Saturday, April 14, 2007

Working at the National Herbarium, New South Wales

My second day at the herbarium was productive, but not nearly as much as on Tuesday, Apr 3rd when the staff was off to their all-day retreat. I gave a research seminar at noon on Wednesday (Evolutionary pattern and process in Penstemon (Plantaginaceae)) and spent the rest of the day photographing specimens and collecting tissue samples. I actually worked so far ahead on Tuesday that I finished the sampling on Wednesday, which was a huge surprise. I had thought it would take me all the way until Thursday afternoon to finish sampling and so I had changed my itinerary to stay in Sydney so I could work through the entire collection rather than working part of it and then moving on to Canberra.





Here's the area of the herbarium where I worked. It's right on the main traffic route so I was lucky to have some solitude on Tuesday to get so much done.







I used a photo copy stand to take the photos of herbarium sheets. Those coin envelopes are what I used for tissue samples.










Here's an example of a herbarium sheet that has important data to record. This is a collection of Euphrasia collina ssp collina collected by William Barker. He wrote a revision of the genus in 1982 and his collections are particularly important for me to examine to get a feel for the taxonomy he worked out for the group. I didn't reduce the photo size so if you click on the image you can read the label pretty clearly and get a feel for how good of condition this specimen is in. I photographed about 400 sheets of Euphrasia during my time at the herbarium.

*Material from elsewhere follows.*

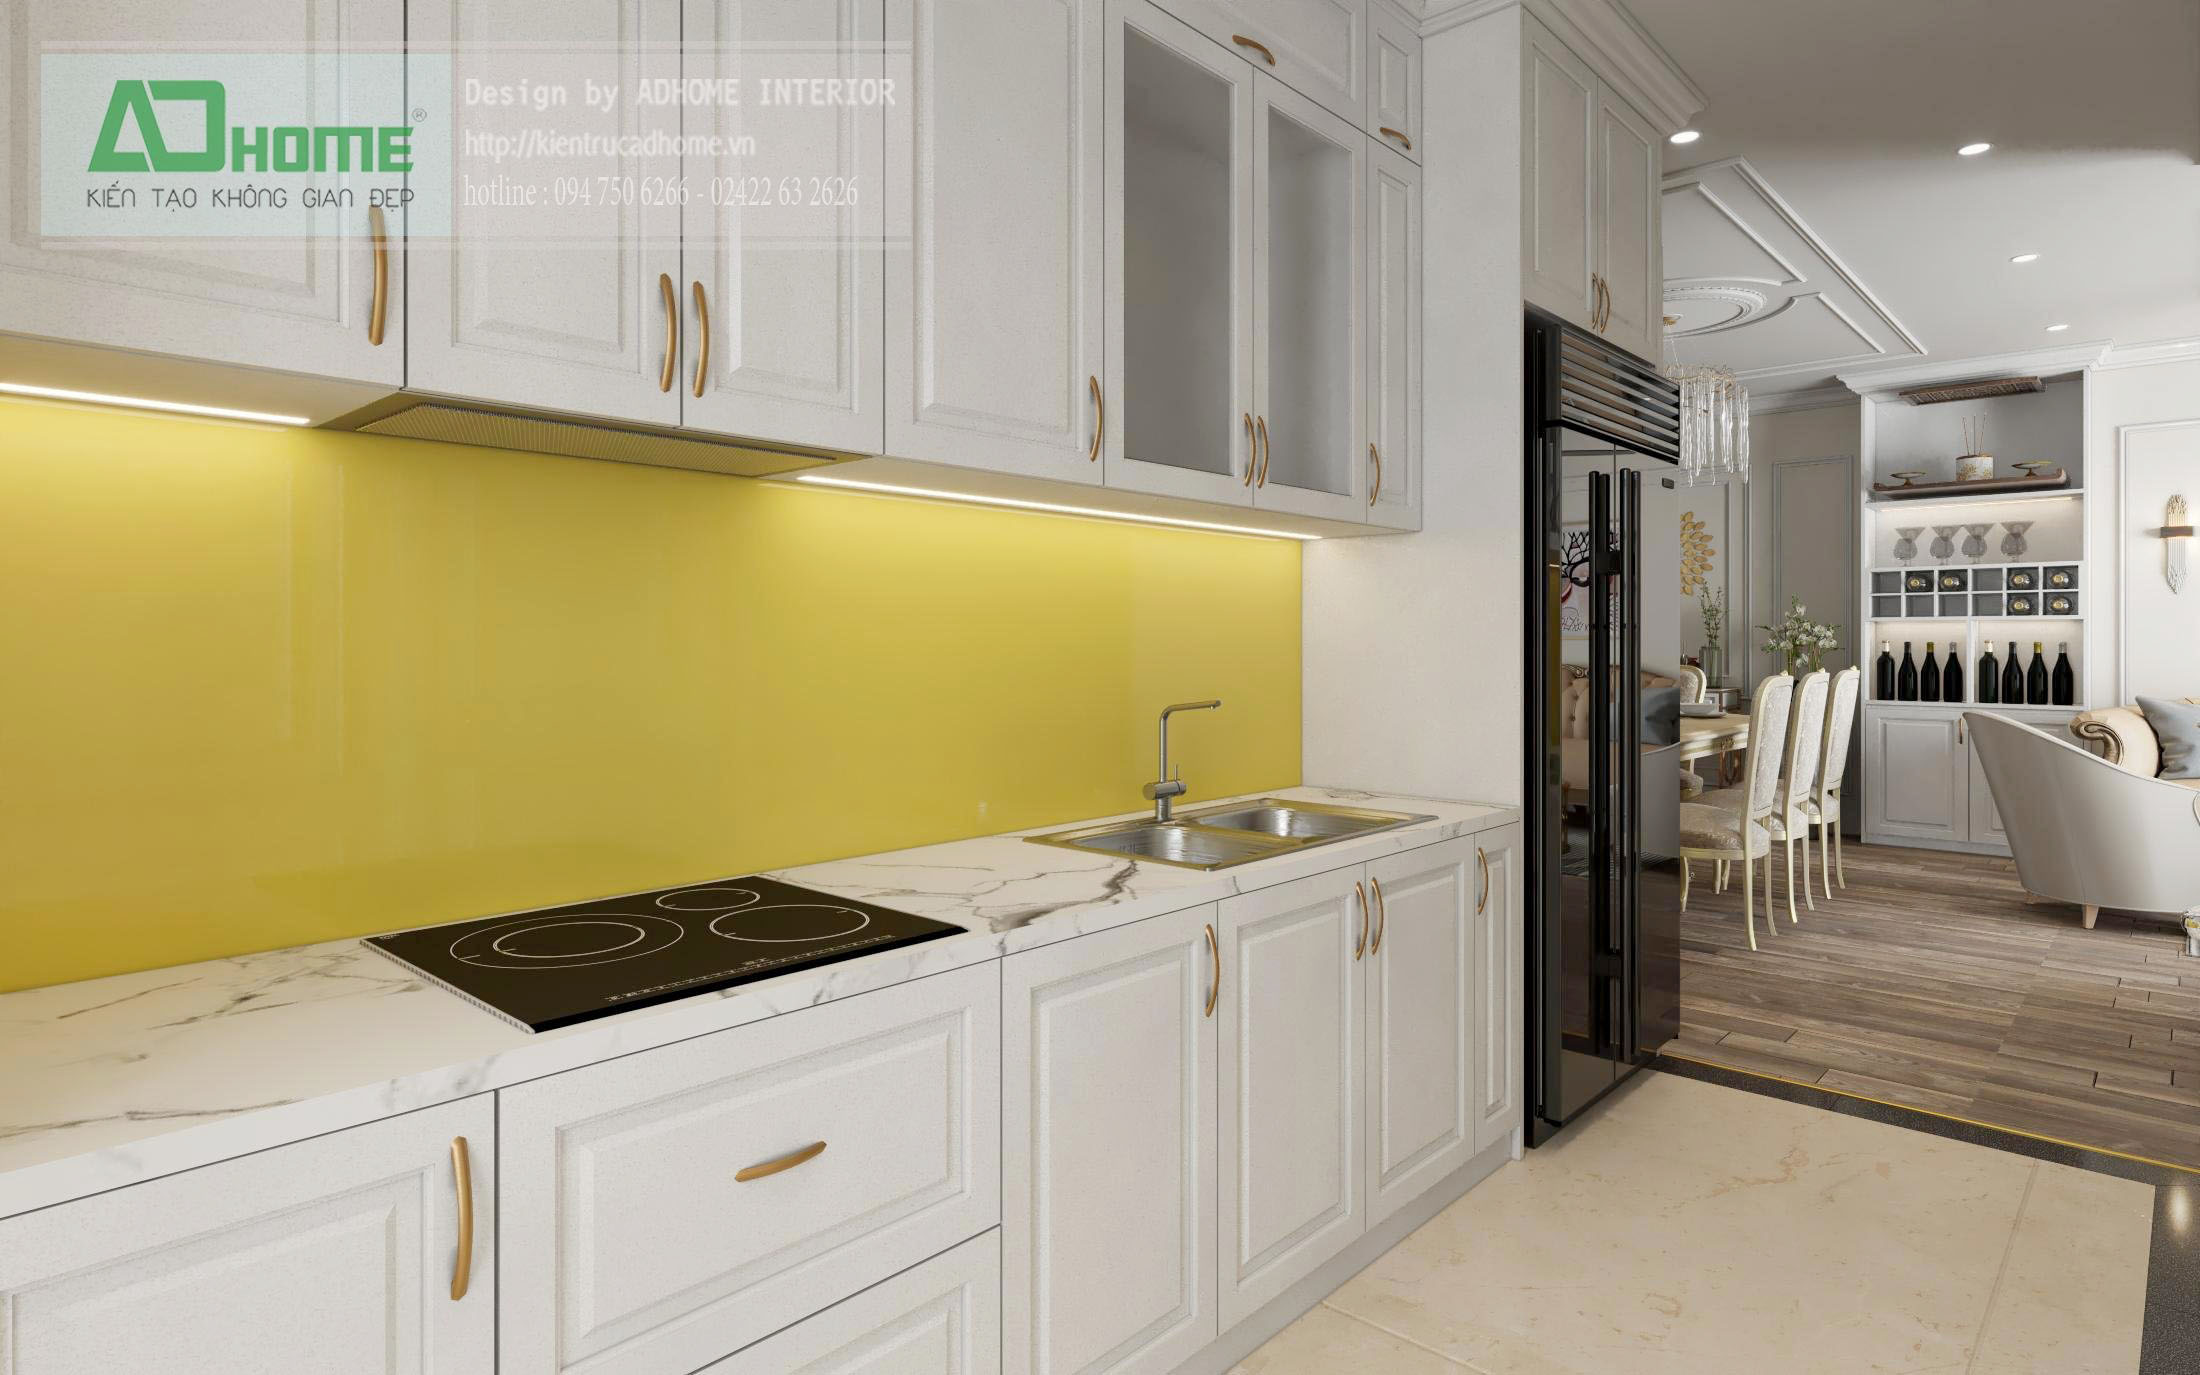  Thiết kế nội thất phòng Bếp căn hộ Tecco Tứ Hiệp - Hiện đại

Types, holotypes and isotypes are also very important to examine to get a feel for the diversity of species. I didn't look at the type collection this time around. I have photos of types for most of these species from my 2005 trip.

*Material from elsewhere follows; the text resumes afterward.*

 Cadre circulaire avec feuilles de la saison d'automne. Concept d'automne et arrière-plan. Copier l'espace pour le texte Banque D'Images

This isn't a Euphrasia, but is an interesting plant I learned a bit about by talking to the collector (Ms. Briggs). It turns out that this genus, Hydatella, is the closest relative to Nelumbo, a large water lily. The molecular work had just been published in Nature a week or so before my visit to the herbarium. It was neat to see the original specimens from which this work was done.









It's hard to imagine that this diminutive plant is a close relative of a large water lily, but the molecules (DNA sequences, in this case) don't lie. Pretty cool, eh? (Well, if you're a nerdy plant molecular systematist, it is cool!)

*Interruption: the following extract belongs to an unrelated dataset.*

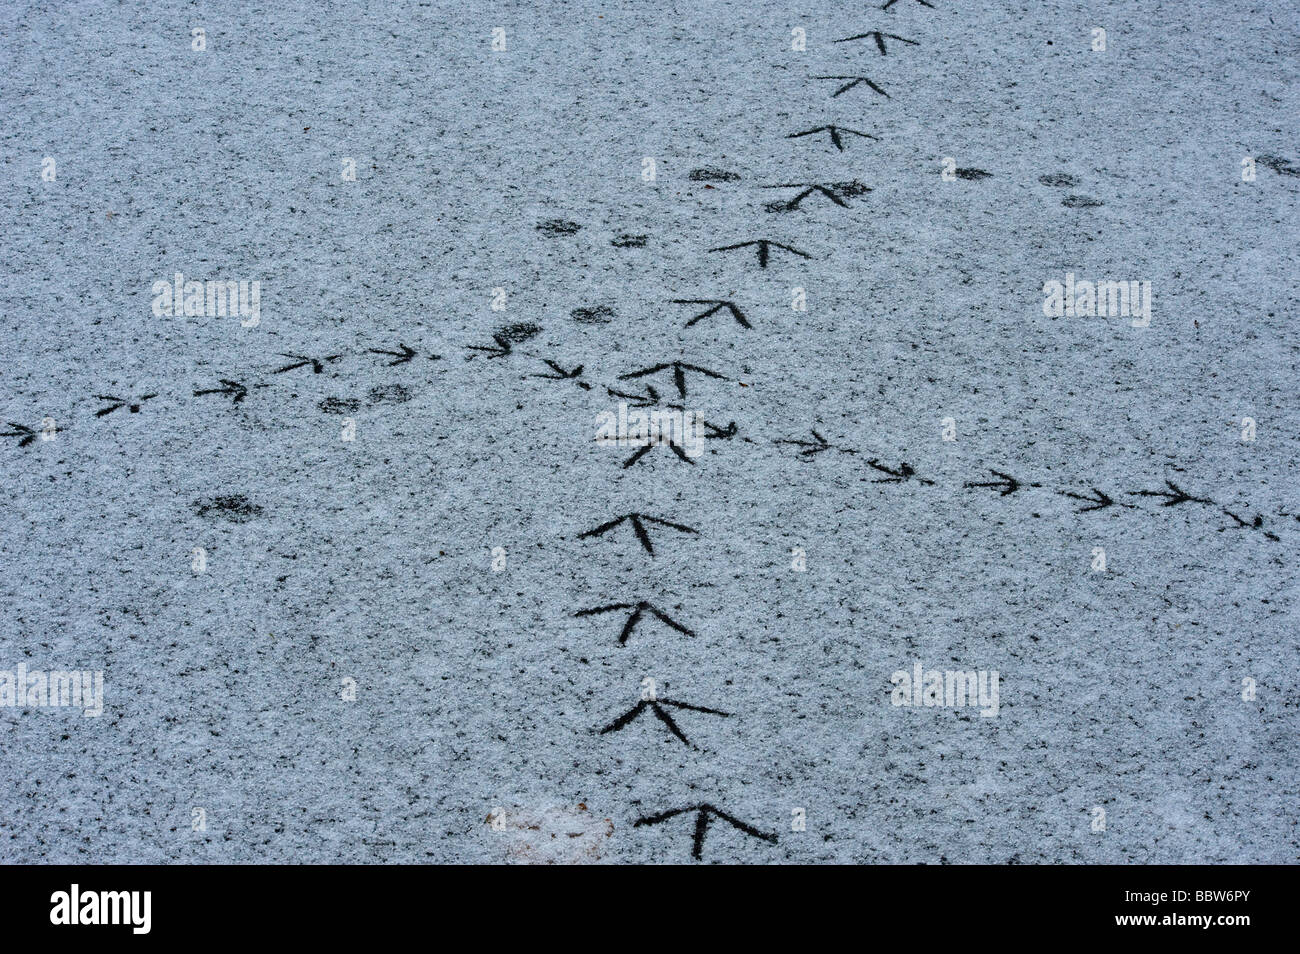 Crocevia dove wildfowl vie incontrato sulla coperta di neve ghiaccio Foto Stock

Walking back to the hotel that evening, I felt pretty good about the work accomplished. I had a ziploc bag full of tissue samples to bring back to my lab and I had a lot of specimen photos to examine at my leisure as I think about projects to explore for systematic investigations of another cool parasitic plant genus.

I enjoyed the walk through The Domains - especially the old fig trees that have such interesting trunks.




I really like how these buttresses come out from the main stem to support the weight of the canopy.









You don't see much of this in our temperate deciduous forest trees.